For example in Java with Selenium WebDriver:
String response = driver.executeAsyncScript("const callback = arguments[arguments.length - 1];(" + processPage + ")().then(JSON.stringify).then(callback, function(err) {callback(err.stack || err.toString())})";
Note for Selenium WebDriver users: The return value must not include objects with the property nodeType. Browser drivers interpret those as HTML nodes, and thus corrupt the result. A possible remedy to this is to JSON.stringify the result before sending it back to the calling process. That's what we're doing in the example above.
The processPage script
Arguments
One single argument with the following properties:
processPage({
doc = document,
showLogs,
useSessionCache,
dontFetchResources,
fetchTimeout,
skipResources,
compressResources,
serializeResources,
})
doc - the document for which to take a snapshot. Default: the current document.

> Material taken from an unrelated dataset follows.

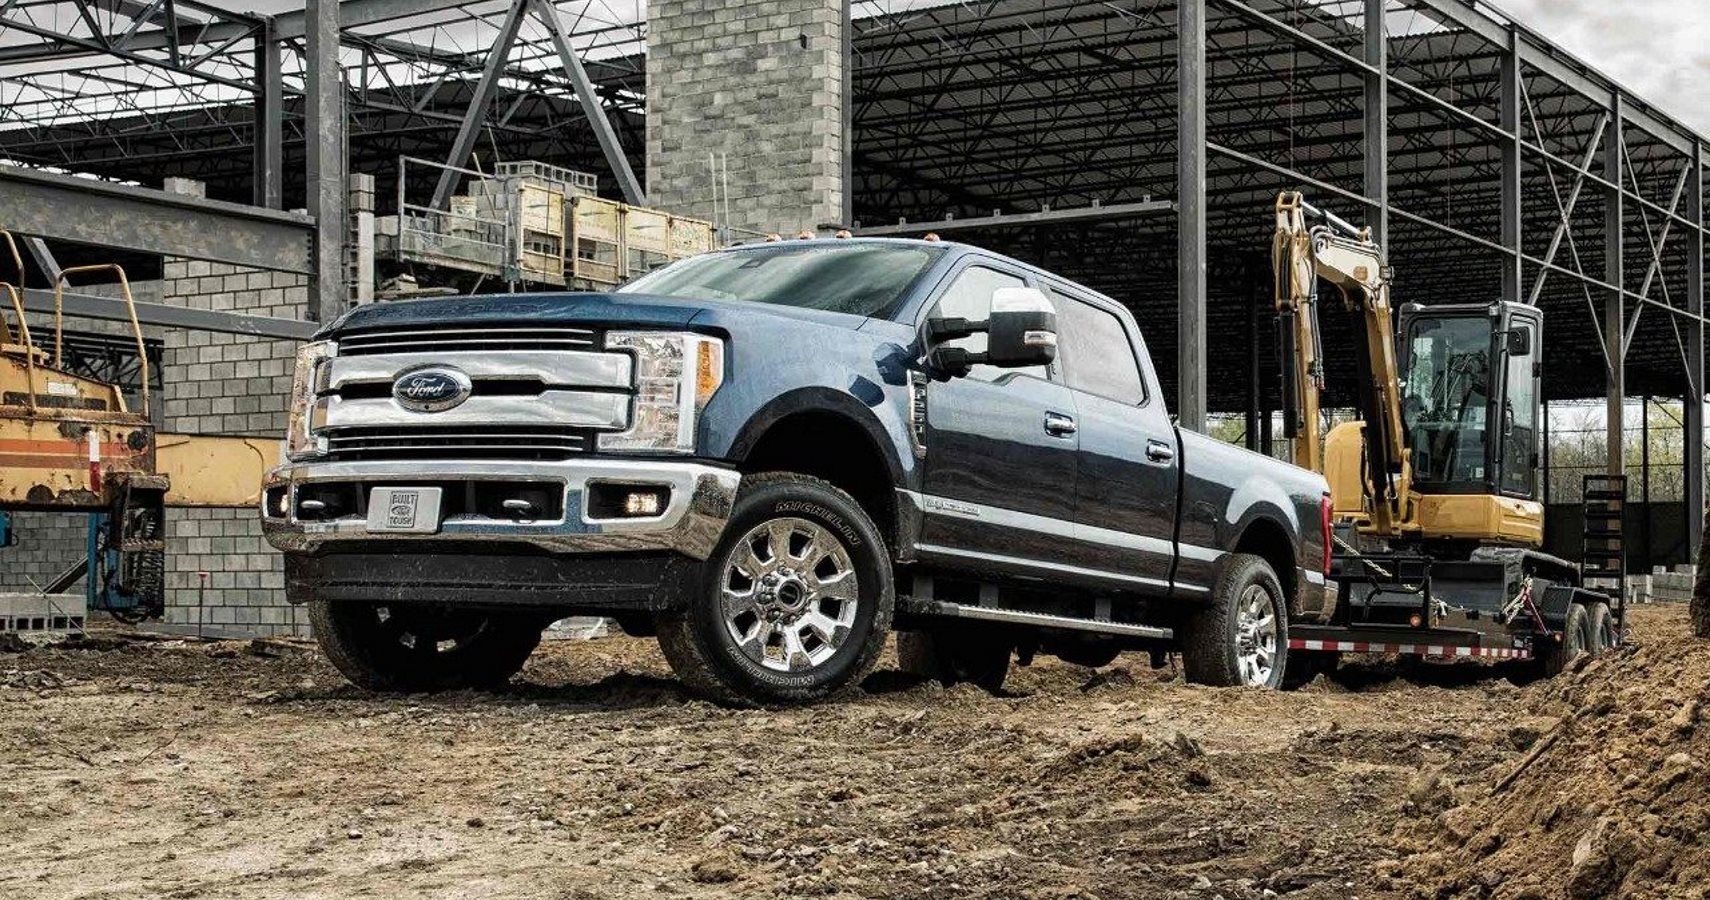 2020 Ford Super Duty Spotted Wearing Camouflage

showLogs - toggle verbose logging in the console
useSessionCache - cache resources in the browser's sessionCache. Optimization for cases where processPage is run on the same browser tab more than once.

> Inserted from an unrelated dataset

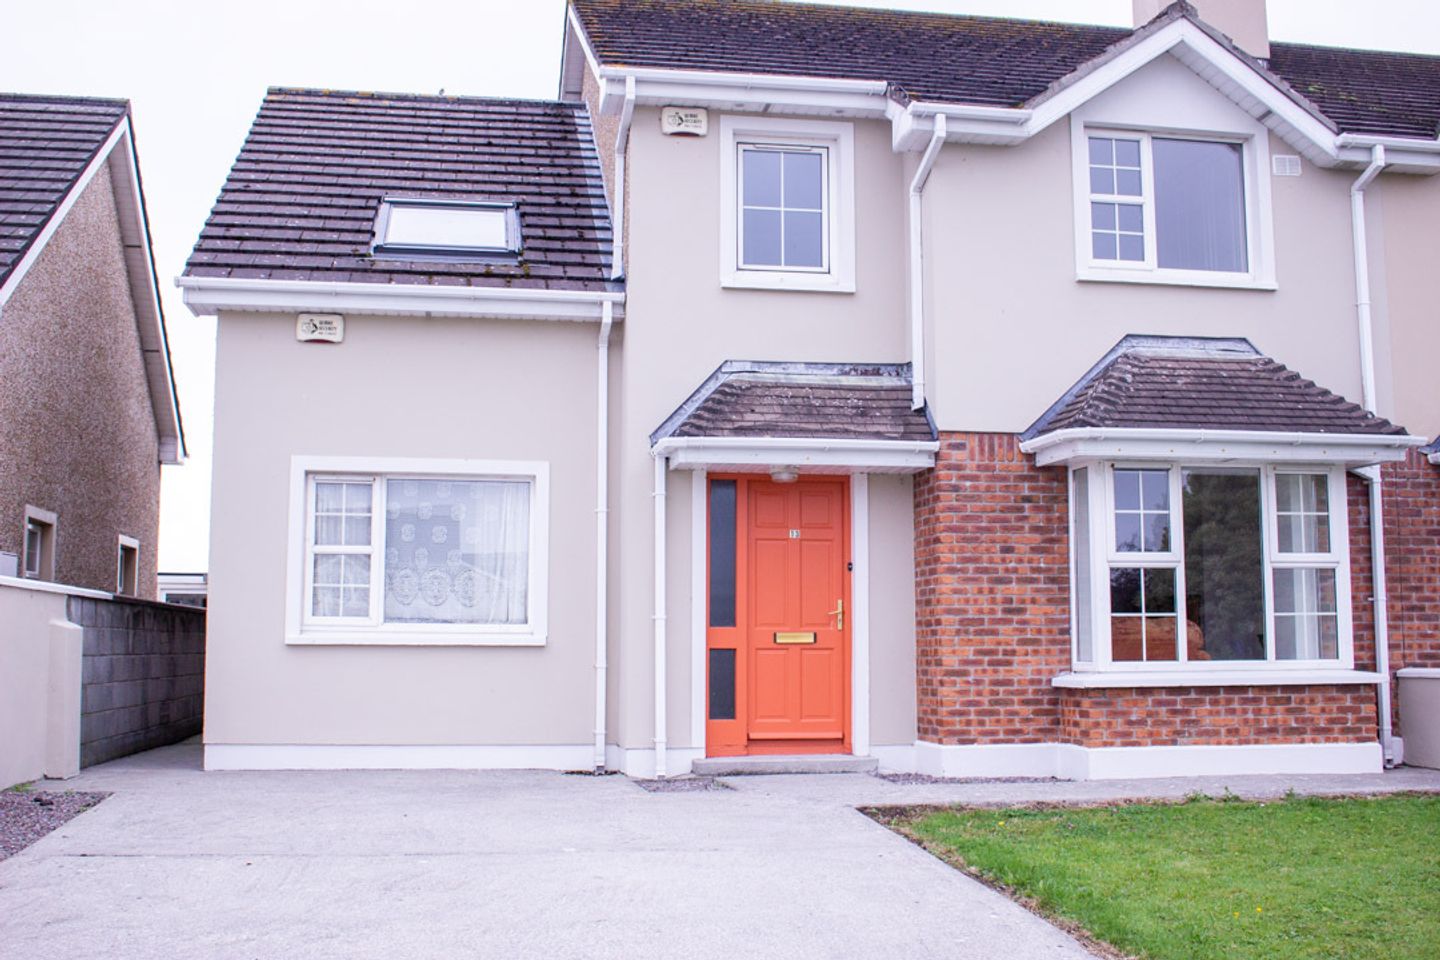 13 The Forge, Ballygologue Road, Listowel, Co. Kerry

dontFetchResources - dont fetch resources. Only return resourceUrls and not blobs.
fetchTimeout - the time it takes to fail on a hanging fetch request for getting a resource. Default: 10000 (10 seconds)
skipResources - an array of absolute URL's of resources which shouldn't be fetched by processPage.

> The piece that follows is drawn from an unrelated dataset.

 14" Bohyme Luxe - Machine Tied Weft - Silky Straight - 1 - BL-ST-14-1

compressResources - a boolean indicating whether to use the deflate algorithm on blob data in order to return a smaller response. The caller should then inflate the blobs to get the value.
serializeResources - a boolean indicating whether to return blob data as base64 strings. This is useful in most cases since the processPage function is generally run from outside the browser, so its response should be serializable.
Return value
This script receives a document, and returns an object with the following:
url - the URL of the document.
cdt - a flat array representing the document's DOM in CDT format.
resourceUrls - an array of strings with URL's of resources that appear in the page's DOM or are referenced from a CSS resource but are cross-origin and therefore could not be fetched from the browser.
blobs - an array of objects with the following structure: {url, type, value}. These are resources that the browser was able to fetch. The type property is the Content-Type response header. The value property contains an ArrayBuffer with the content of the resource.
frames: an array with objects which recursively have the same structure as the processPage return value: {url, cdt, resourceUrls, blobs, frames}.
srcAttr - for frames, this is the original src attribute on the frame (in use by Selenium IDE Eyes extension)
crossFrames - an array of objects with the following structure: {selector, index}. The selector field has a value of css selector (strings) that point to cross origin frames. The index is an index (number) of frame node in a cdt array, this could be useful to override src attribute once dom snapshot is taken. The caller can then call processPage in the context of those frames in order to build a complete DOM snapshot which also contains cross origin iframes.
selector - a css selector (string) for the frame (only for iframes). This is helpful to construct the full frame chain that leads to cross origin iframes on the caller side.
The script scans the DOM for resource references, fetches them, and then also scans the body of css resources for more references, and so on recursively.
processPagePoll
This function calls processPage and returns immediately. Then pollResult should be called (or any of the ...Poll script variations, for backwards compatibility) to get the polling result.
Arguments
This function accepts the same arguments as processPage, with one additional parameter:
chunkByteLength - this will cause additional polling after the snapshot is ready, and will transfer the result in chunks, with the chunk size specified. Default: undefined.
For example, to pass a maximum chunk size of 256MB:
procesPagePoll({chunkByteLength: 1024 * 1024 * 256})
Return value
The polling result is a stringified JSON object, which is of the following shape:
{
status: string,
error: string,
value: object
}
Status could be one of:
- "SUCCESS" - there's a
value field with the return value
- "ERROR" - there's an
error field with the result
- "WIP" - internal status, handled by
pollResult to continue polling until "SUCCESS" or "ERROR" are received.
- "SUCCESS_CHUNKED" - internal status, handled by
pollResult to continue polling until the entire value is received (used with chunkByteLength).
pollResult
returns the poll result - an object with the same shape as processPagePoll.
Testing
- yarn test
- cd ../core && yarn test:it -b -g snapshot